--- Exercise ---
Starting at the line that holds "Smart Facebook Timeline", quote every line through the end of the records, both boundary lines included. Omit the pictures.

--- Source records ---
= = = = =

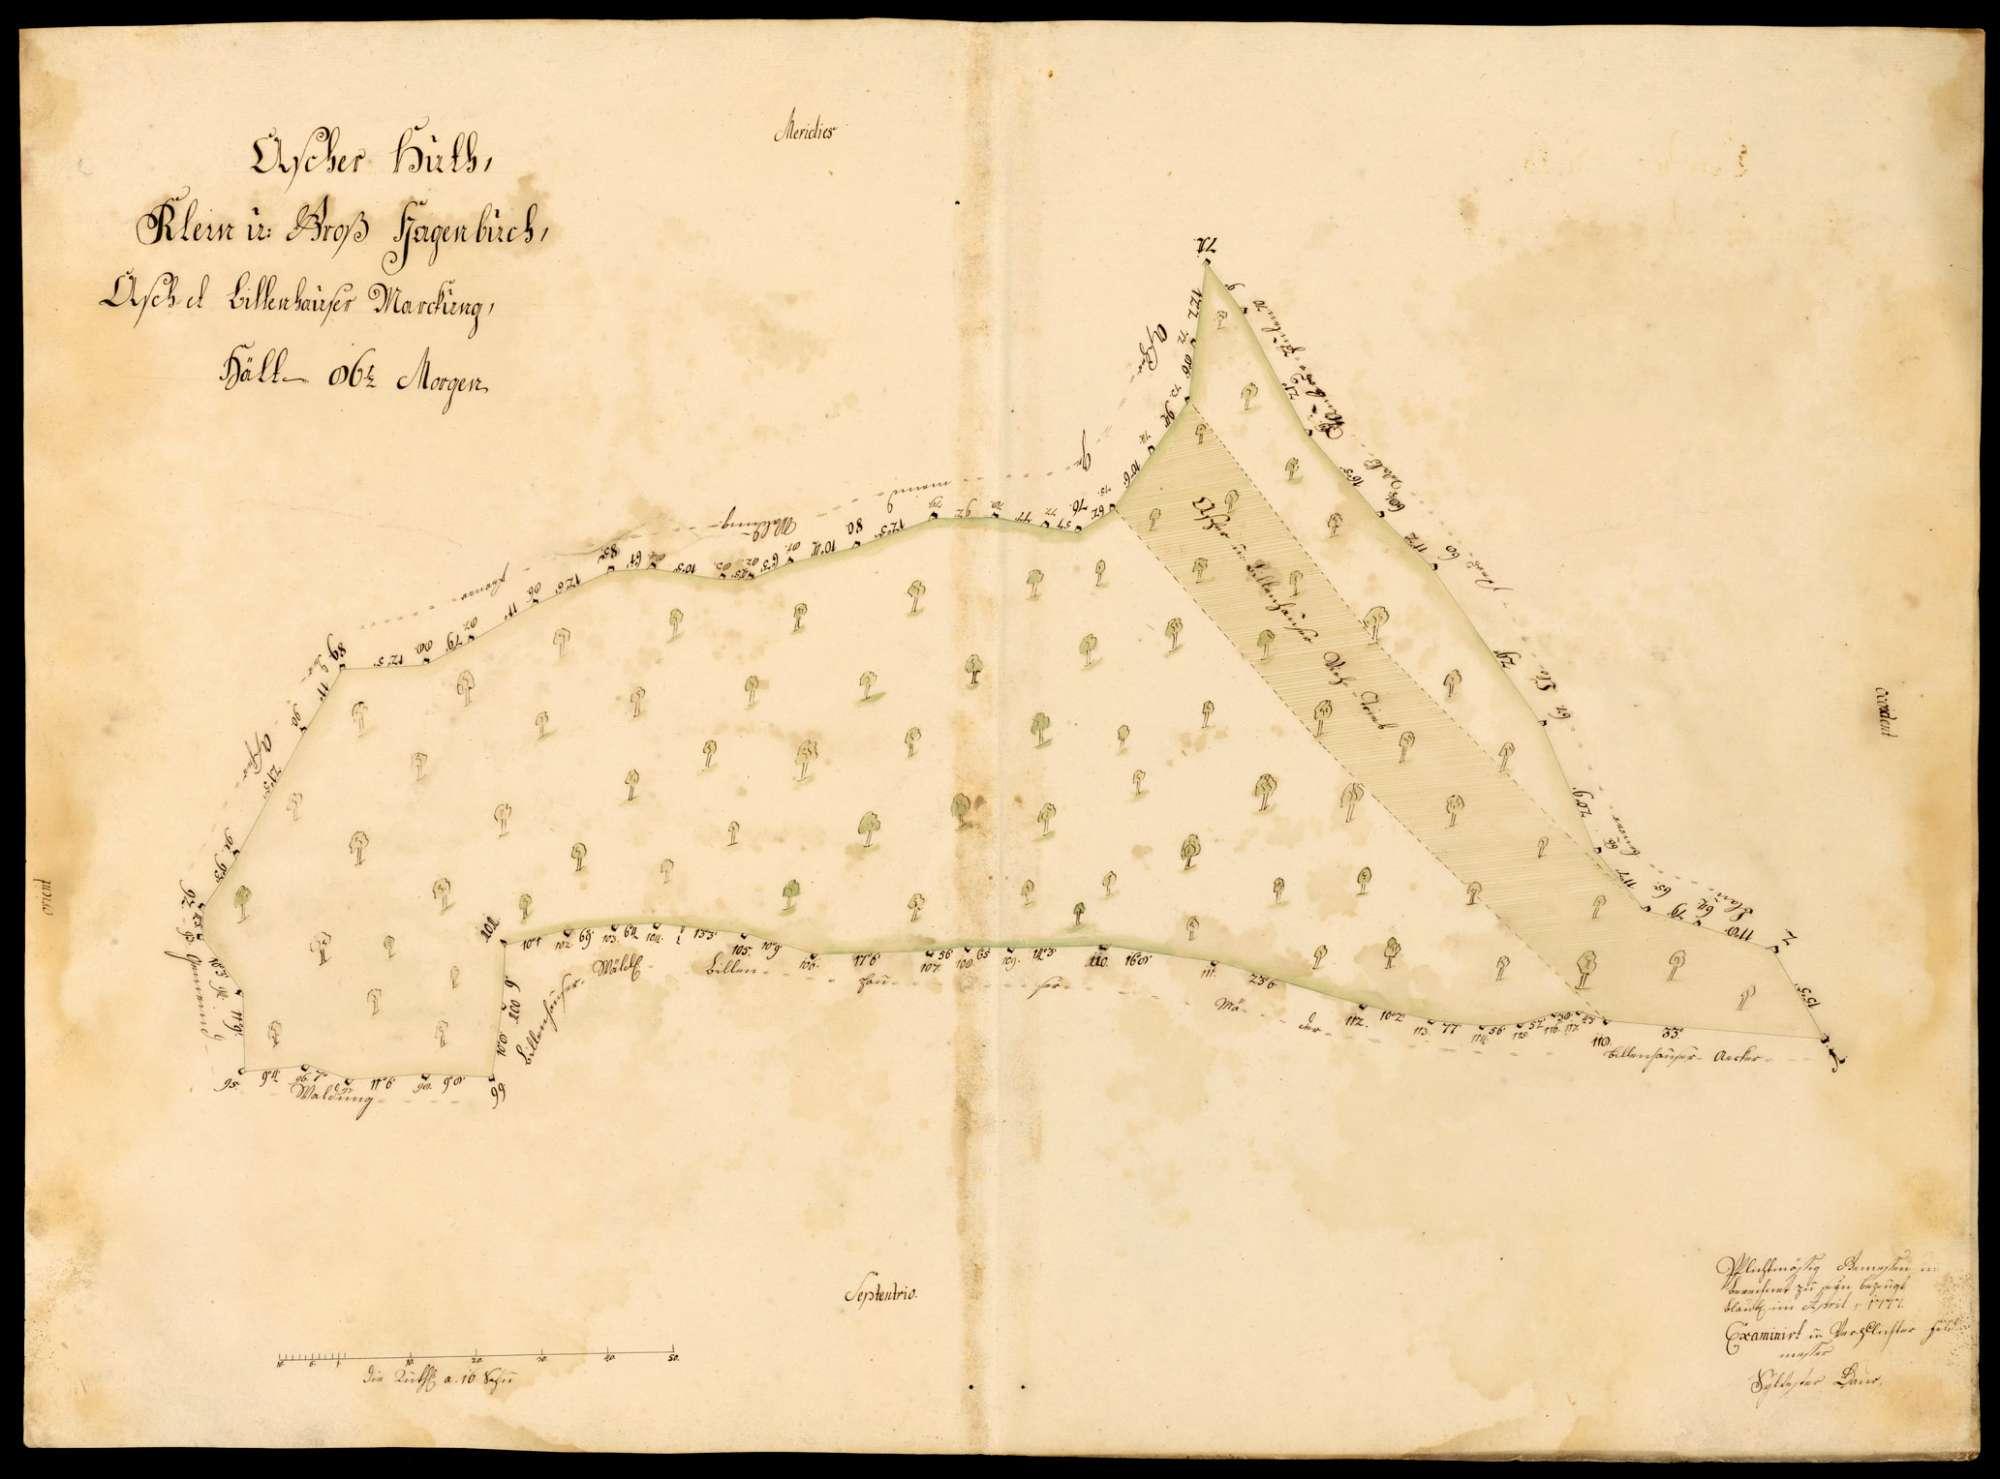 """[Kloster Blaubeuren:] """"Ascher Hut, Klein- und Großhagenbuch, Ascher und Bühlenhauser Markung"""", Bild 1"""
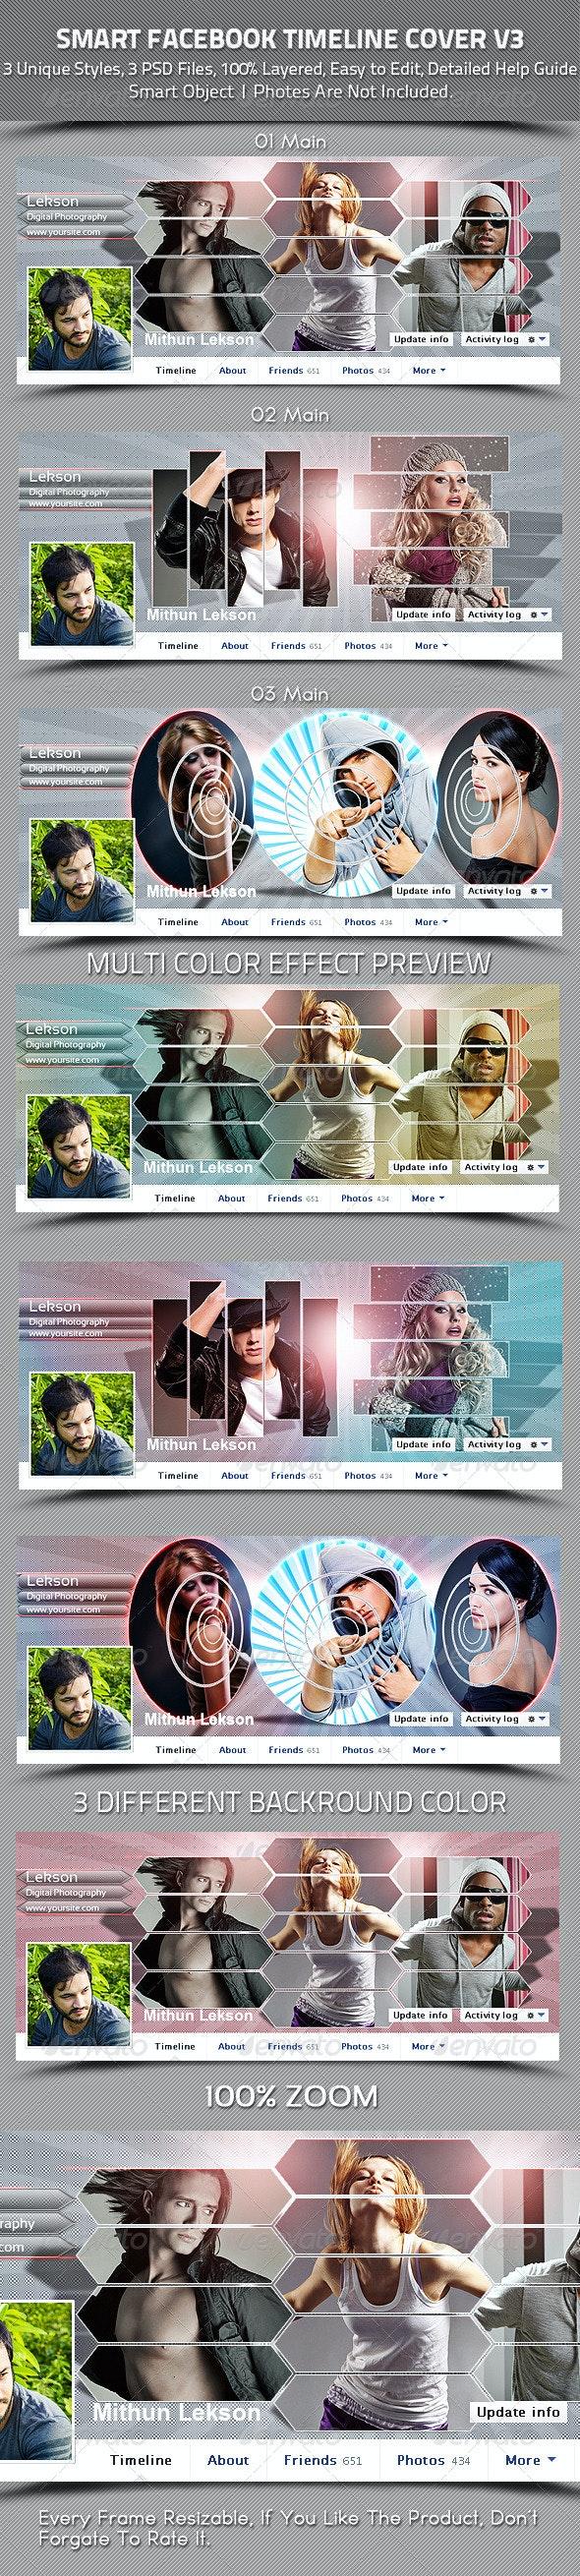 Smart Facebook Timeline Cover V3 - Facebook Timeline Covers Social Media
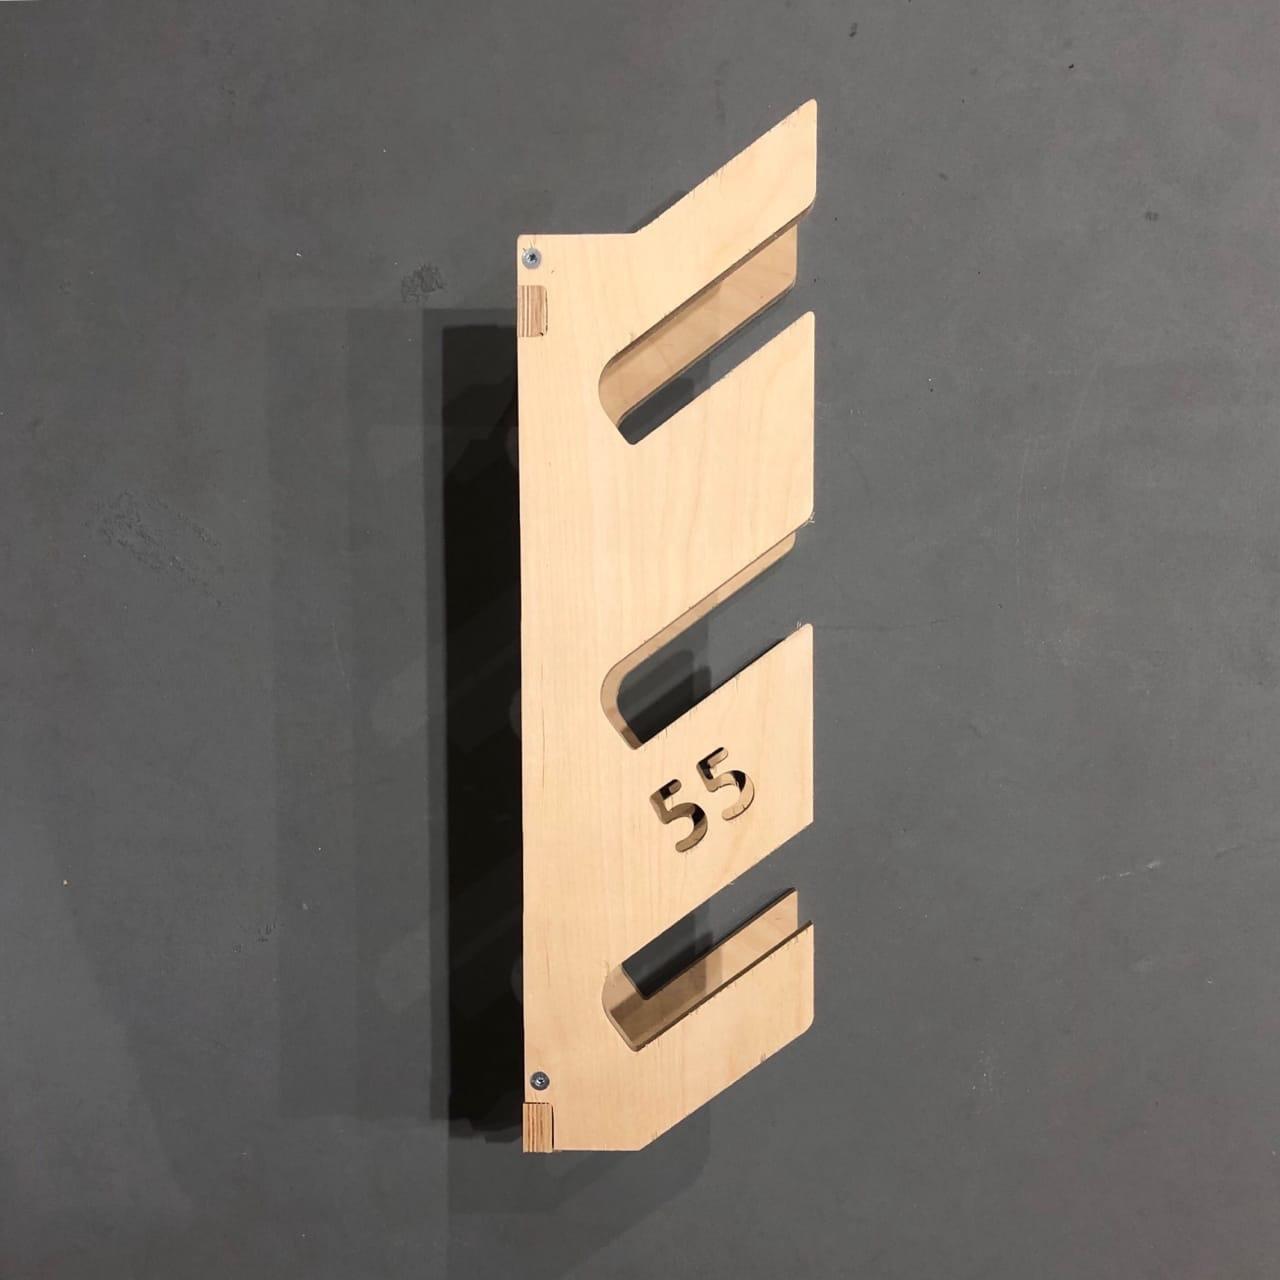 Крепеж настенный для трех дек 55
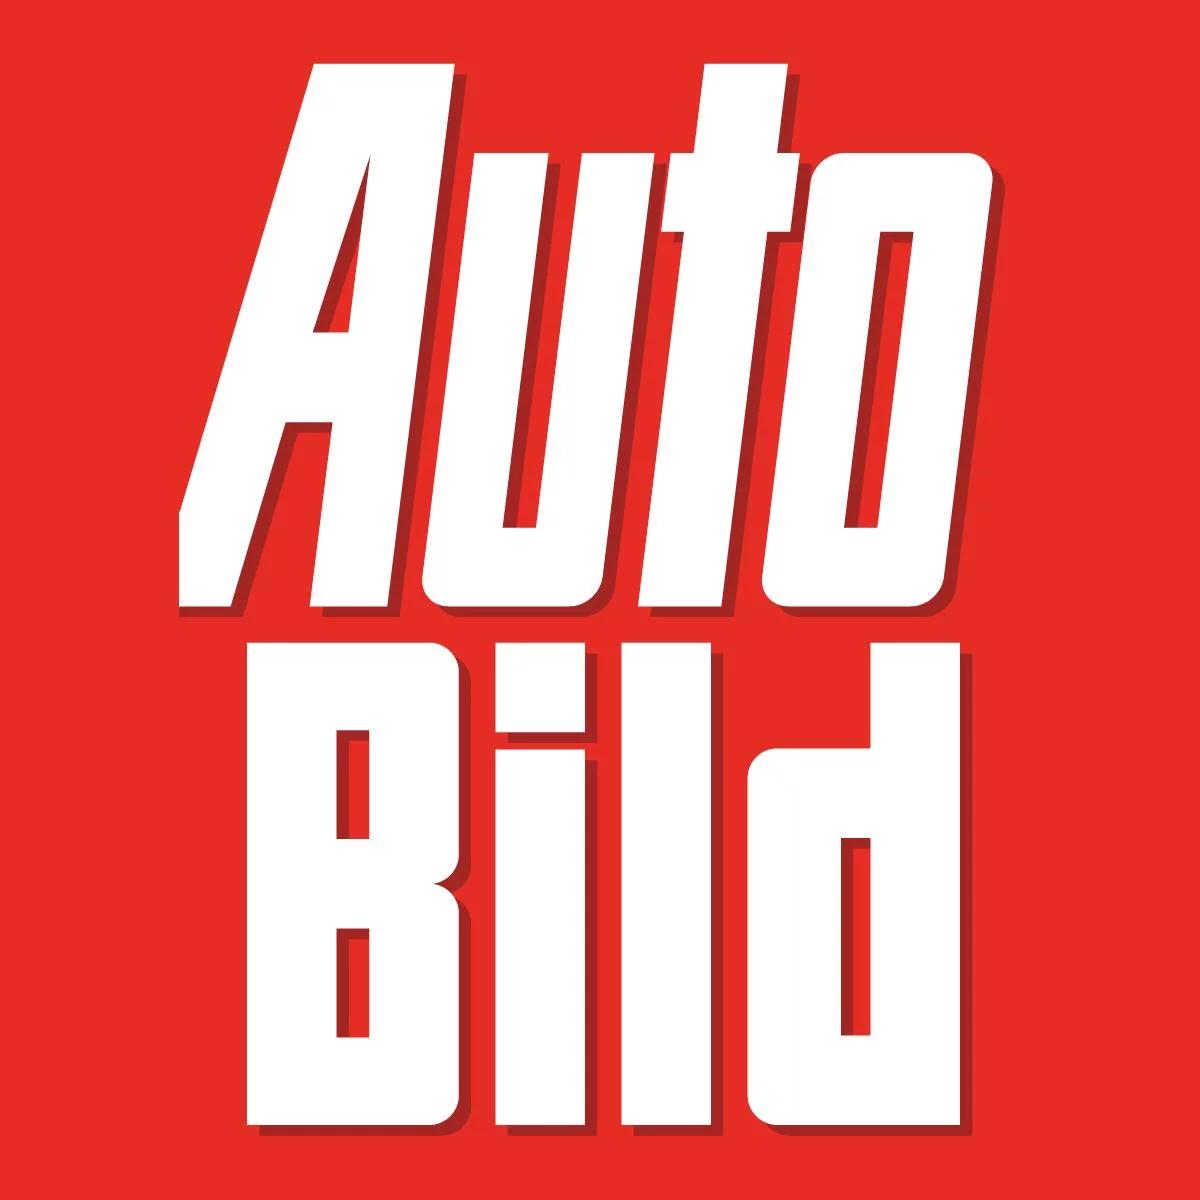 AutoBild téli abroncsteszt 2018 - Újra belestek a karkasz alá is!
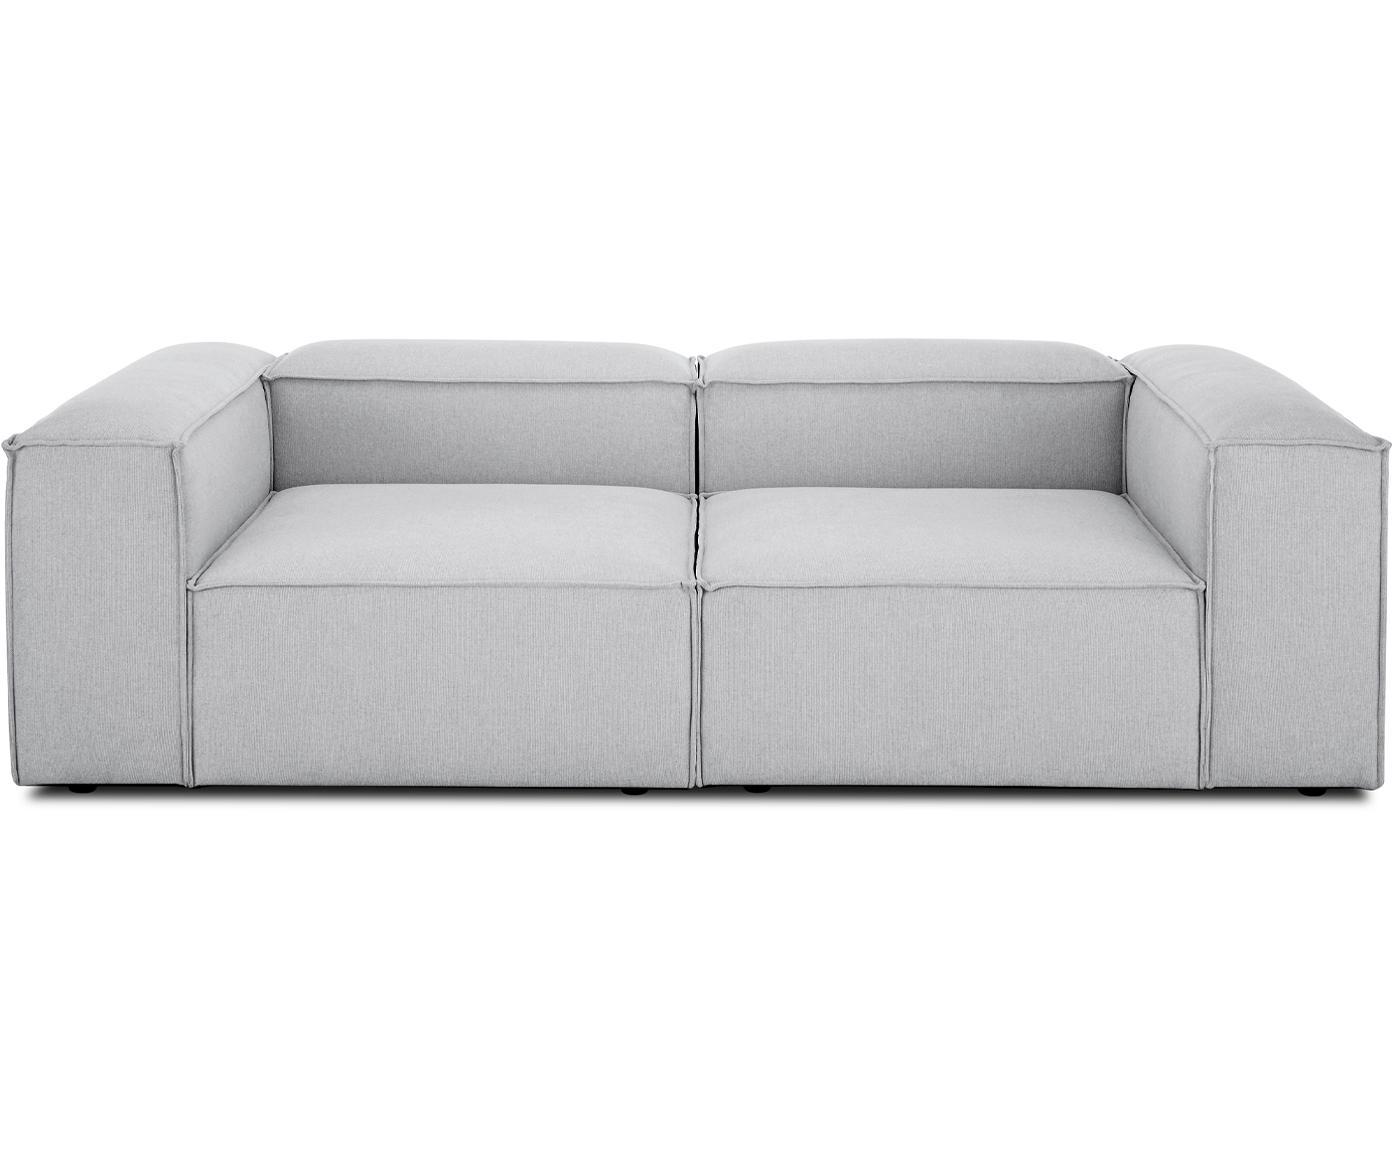 Sofa modułowa Lennon (3-osobowa), Tapicerka: poliester 35 000 cykli w , Stelaż: lite drewno sosnowe, skle, Nogi: tworzywo sztuczne, Jasny szary, S 238 x G 119 cm

= = = = =

--- Task solution ---
 Smart Facebook Timeline Cover V3 - Facebook Timeline Covers Social Media
 Крепеж настенный для трех дек 55
 AutoBild téli abroncsteszt 2018 - Újra belestek a karkasz alá is!
 Sofa modułowa Lennon (3-osobowa), Tapicerka: poliester 35 000 cykli w , Stelaż: lite drewno sosnowe, skle, Nogi: tworzywo sztuczne, Jasny szary, S 238 x G 119 cm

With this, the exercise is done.